Jan. 6 Panel Demands Peter Navarro Testify On Trump's Role In Plot To Jettison Electoral Vote

House select committee also revealed a text to Mark Meadows that referred to "details" about a call to legislators "convened" by Navarro and including Trump.
LOADINGERROR LOADING

The House select committee investigating last year’s U.S. Capitol riot demanded in a statement Friday that former White House trade adviser Peter Navarro testify about Donald Trump’s “participation” in a plot to overturn the results of the 2020 presidential election.

The committee also revealed on Twitter a copy of a text to former White House chief of staff Mark Meadows from an unidentified sender offering “details on the call that Navarro helped convene” to block certification of the election results — “including that the president participated.”
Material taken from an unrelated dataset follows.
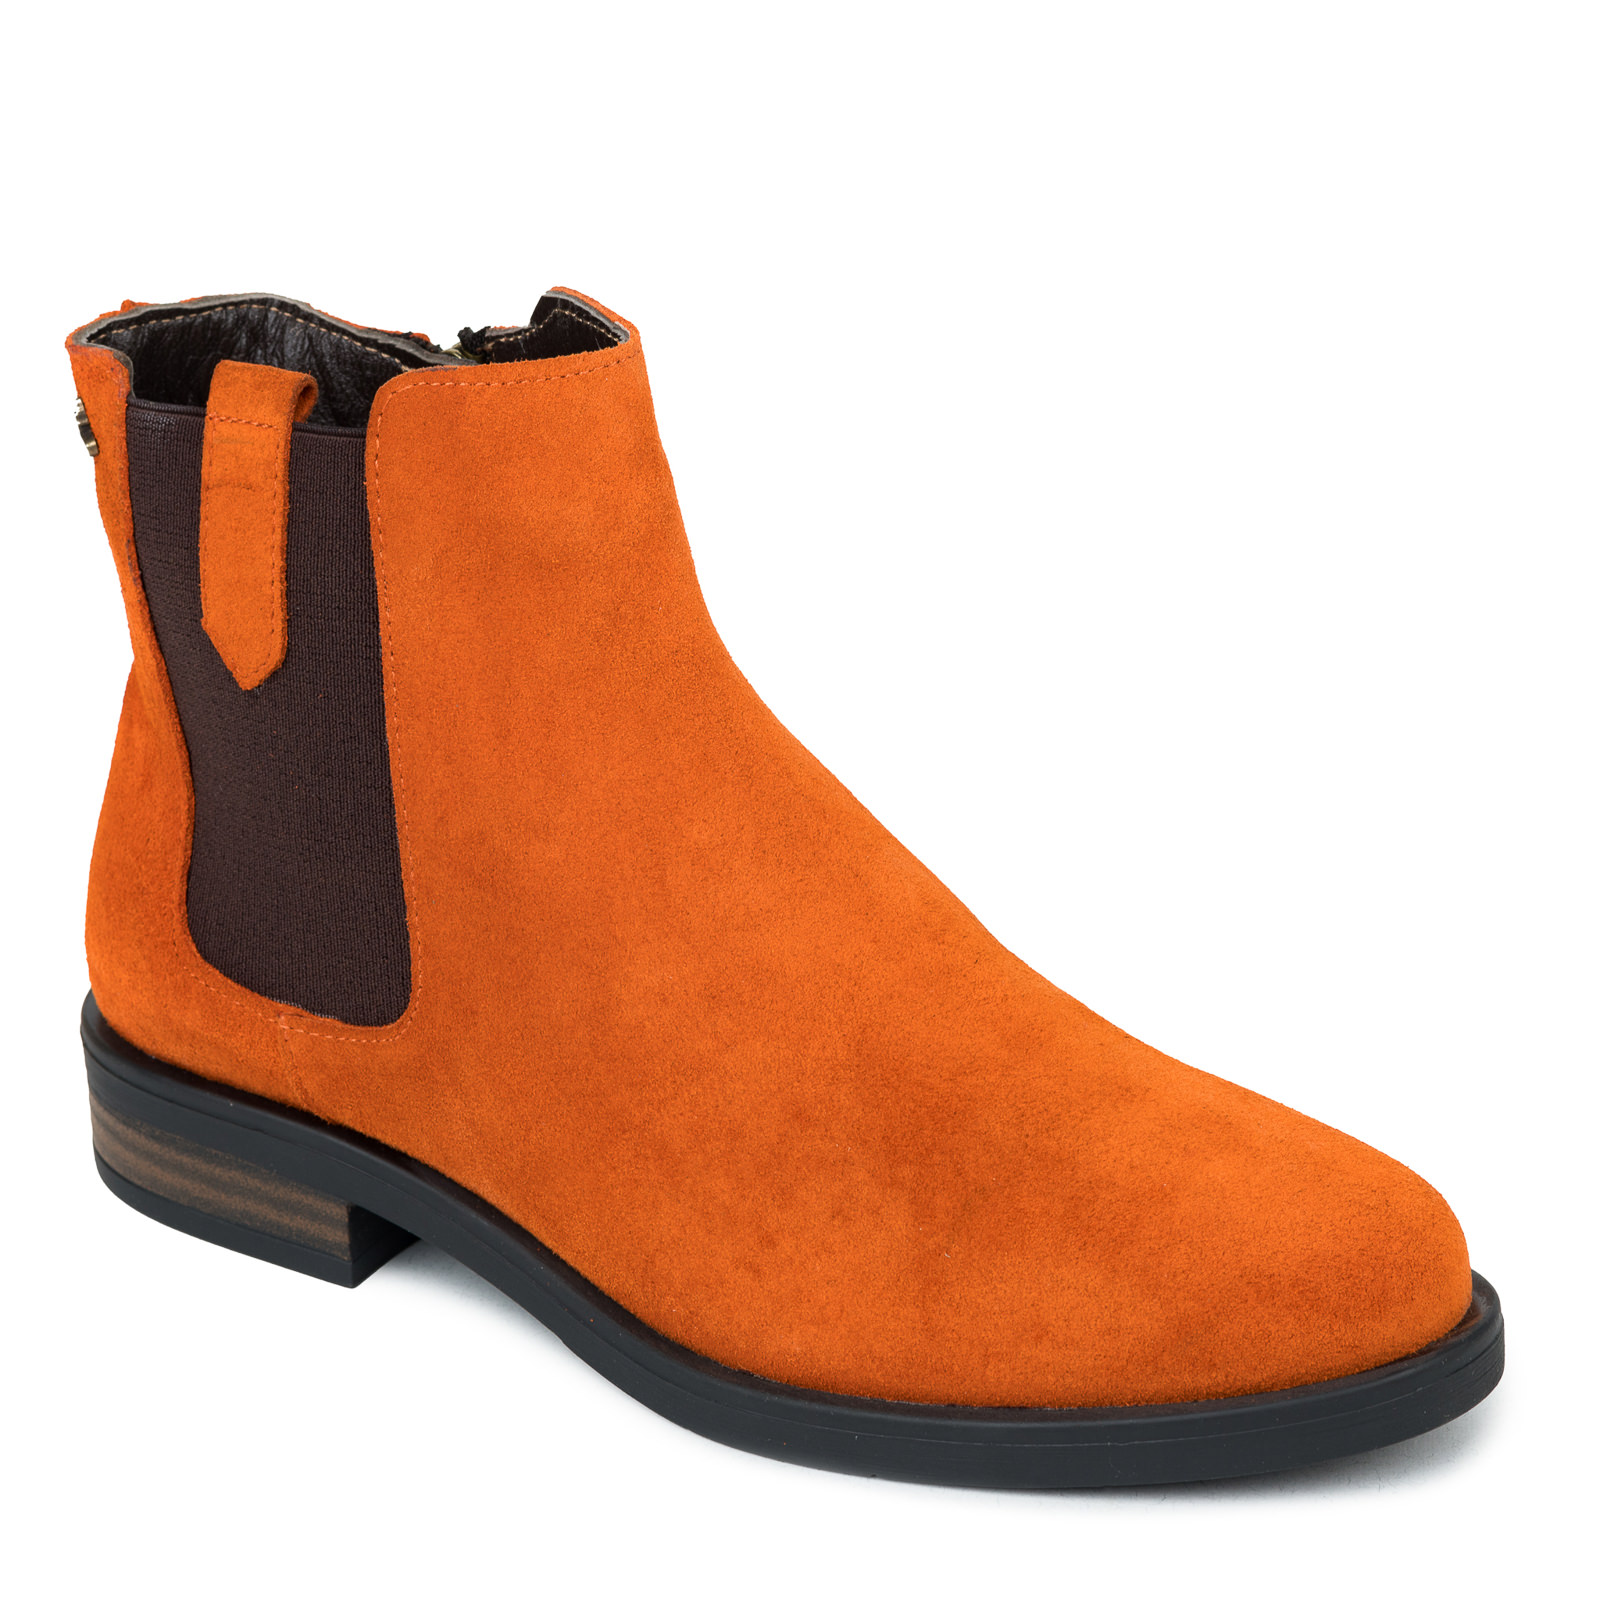 Leather ankle boots B312 - ORANGE

The committee on Monday recommended that the House refer criminal contempt of Congress charges for Navarro and Trump ally Dan Scavino to the Justice Department for ignoring the committee’s subpoenas to testify before the panel.

Navarro has boasted in his book and on national TV a number of times about the plot to deny certification of the legitimate Electoral College votes in an effort to keep Trump in the White House. He refers to the plot to upend voters’ choice in football terms, calling it the “Green Bay [Packers] Sweep.” Yet he claims executive privilege when it comes to discussing details of that information before the House committee.

Navarro was supposed to be interviewed Tuesday on MSNBC but pulled out at the last minute, host Ari Melber reported.

The text to Meadows cited by the Jan. 6 committee refers to calls to “legislators.” Trump is known to have participated in a call with “hundreds” of GOP state legislators, along with Navarro, “coup memo” attorney John Eastman and others, to try to persuade them to “decertify” their states’ electoral votes for Joe Biden following the election, according to the committee.

Another call, which was recorded, was made to Georgia Secretary of State Brad Raffensperger, whom Trump told to “find” enough votes — nearly two months after his presidential election loss — to make Trump the winner in the state instead of Biden.

Judge David Carter of the U.S. District Court in Central California ruled Monday that such actions made it “more likely than not” that Trump criminally conspired to “overturn a democratic election.”

If the plan “had worked, it would have permanently ended the peaceful transition of power, undermining American democracy and the Constitution,” Carter wrote.